In a country where prime-time news is taken to be the utmost truth by many, being politically correct is of very high importance. And what really gauges your political correctness? It is, of course, your affinity towards the government’s political stance. So, in simple words, the more you stand with the government and the less you criticise it, the more politically correct and the more ‘nationalist’ you are.

And that’s where it takes courage to stand different from the government’s political stance. The government has names that it will take to show how ‘anti-nationalist’ people can be. It can also brutally crush every person who tends to be an ‘anti-nationalist’, according to them. Wait. ‘Anti-national’? How? Okay, they made an effort to expose the feebleness of the government. But how can the government be feeble?

The government hit back on our noisy neighbours. We had actually hit them finally, though behind the back. After the death of a number of our very own soldiers. And apparently, there wasn’t anything that could prove it. So, the government comes in, there is a press conference and bang, the nation’s celebrating. The proof? Who needs it? What the government says is already the gospel truth.

The government takes care of the safety of the women in the country. That is why a woman of Banaras Hindu University was allegedly asked by the Vice-Chancellor to not leave her hostel after 6 pm in the evening when they reported a case of molestation. The government’s police even made them feel safer by hitting them with canes because they protested.

The government makes you strong when you stand with them. That is probably why those ABVP students still breathe fresh air, and the mother of Najeeb Ahmed, almost a year after his disappearance, still cries, hoping for the return of her child.

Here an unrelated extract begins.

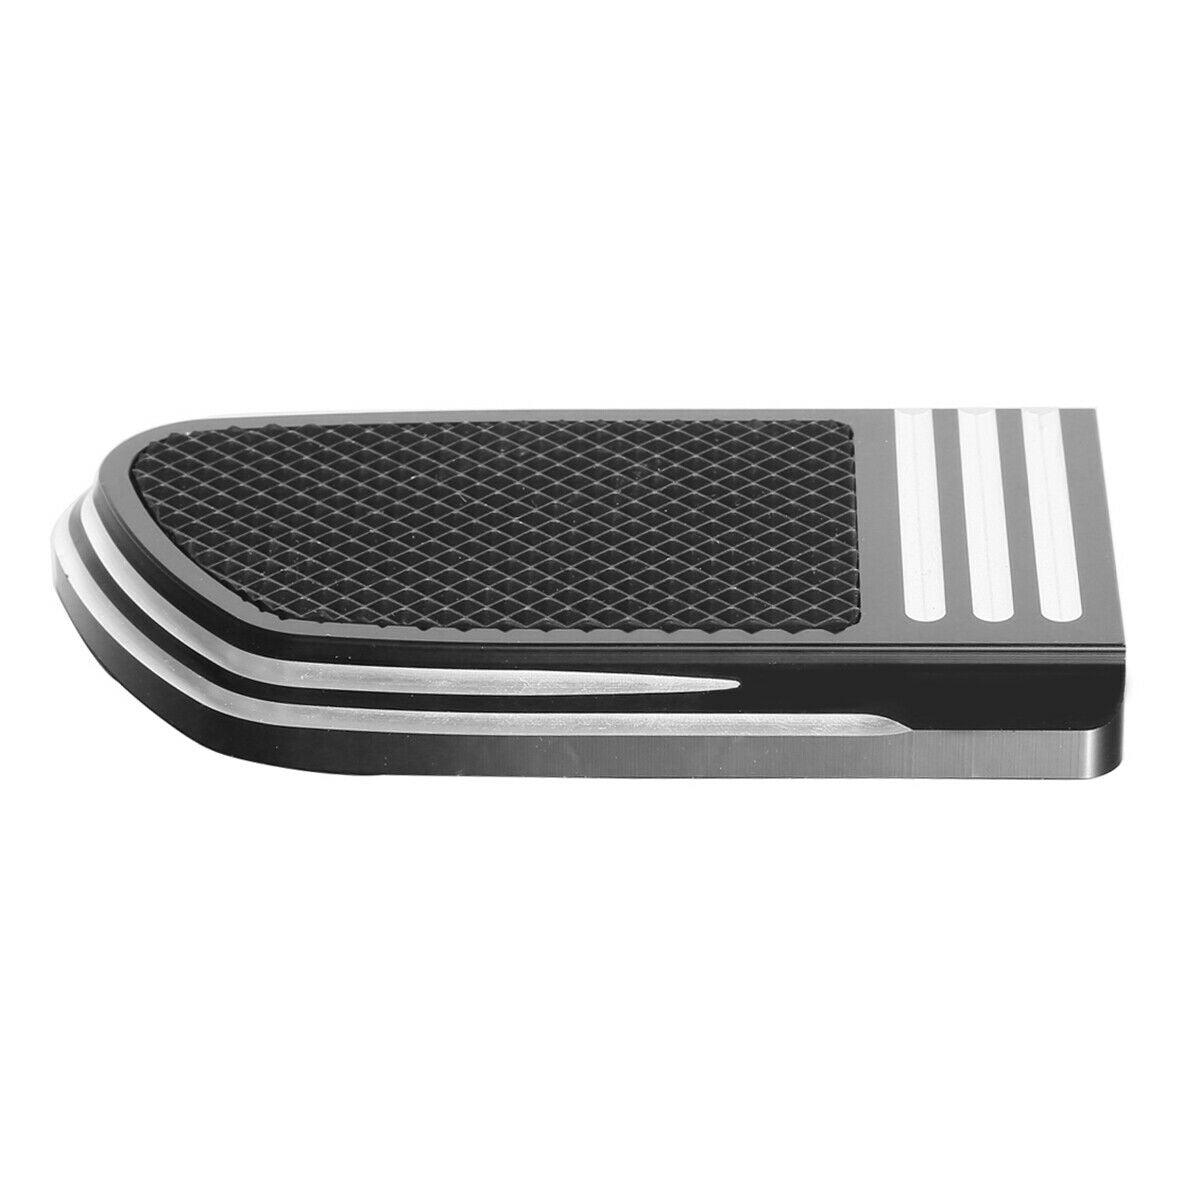 Large Black Brake Pedal Pad Fit For Harley Touring Road King Softail Defiance - Moto Life Products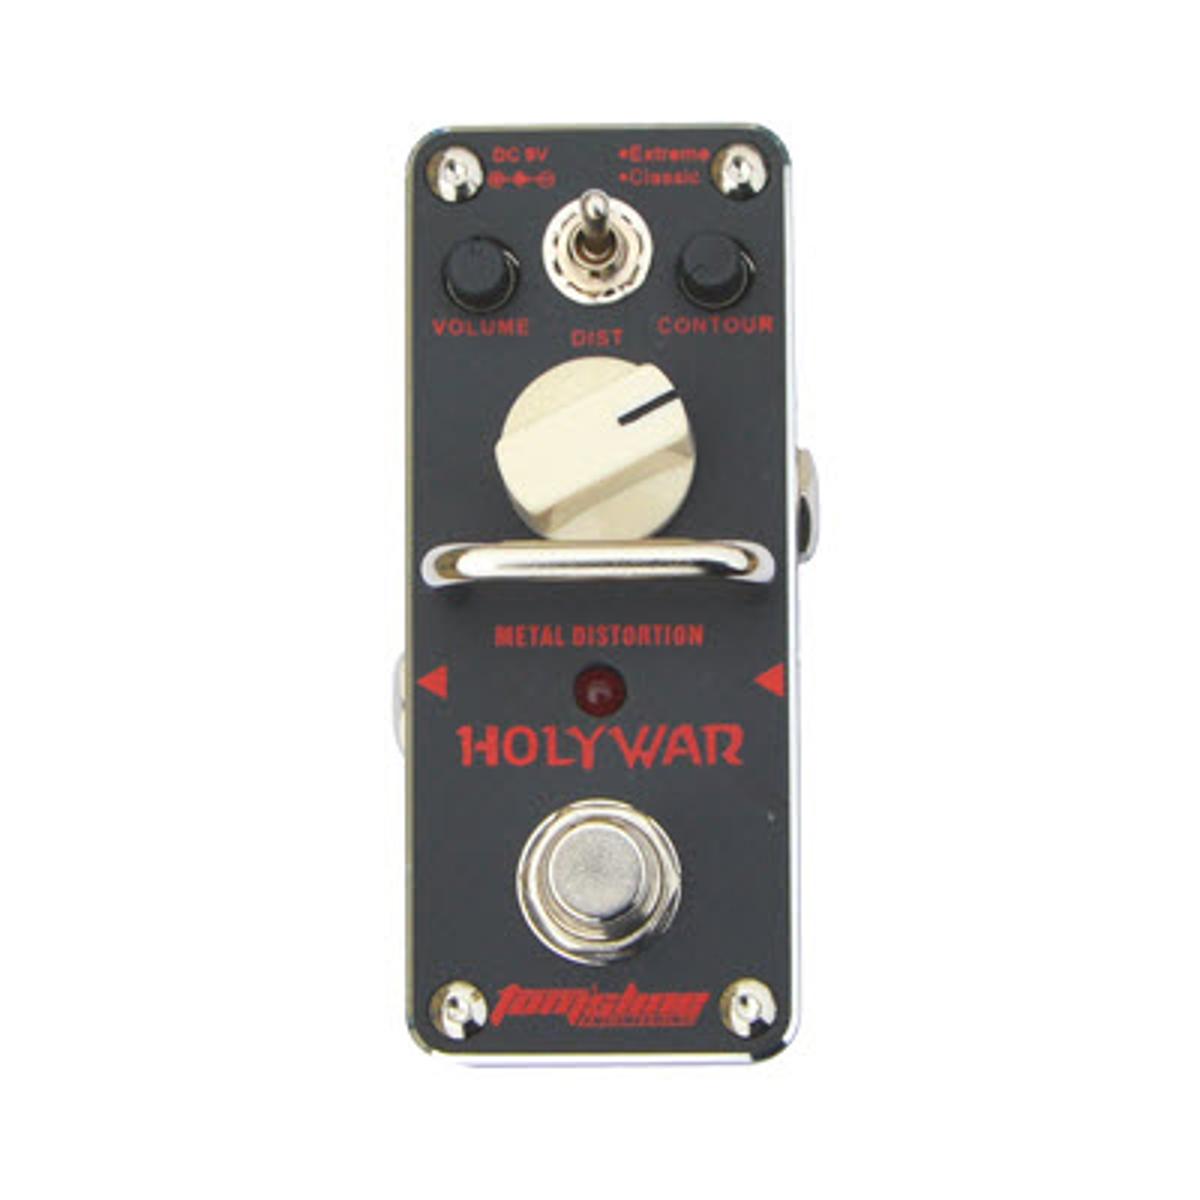 Toms Line AHOR-3 Holy War Metal Distortion Mini Effects Pedal

I could go on and mention a number of instances where the government has actually proved to us how strong it is. How there’s nationalism sizzled over everything that it does or tends to do. But will that put me in the same bracket as Kanhaiya Kumar, Umar Khalid, Anant Prakash Narayan, Ashutosh Kumar or some of the other people who tried to do the same? They were all termed as ‘anti-nationals’, as people the who aren’t good Indians, as people who the nation is ashamed of.

Am I an ‘anti-nationalist’?

If fighting for rights is ‘anti-national’, then I am proud to be an ‘anti-nationalist’.

If wanting to know the truth behind things is ‘anti-national’, then I am proud to be an ‘anti-nationalist’.

If making an effort to constructively criticise the people who are elected for my good is ‘anti-national’, then I am proud to be an ‘anti-nationalist’.

If considering the aforementioned people as nationalists is ‘anti-national’, then I’d better not call myself a ‘nationalist’.

Image used for representative purposes only.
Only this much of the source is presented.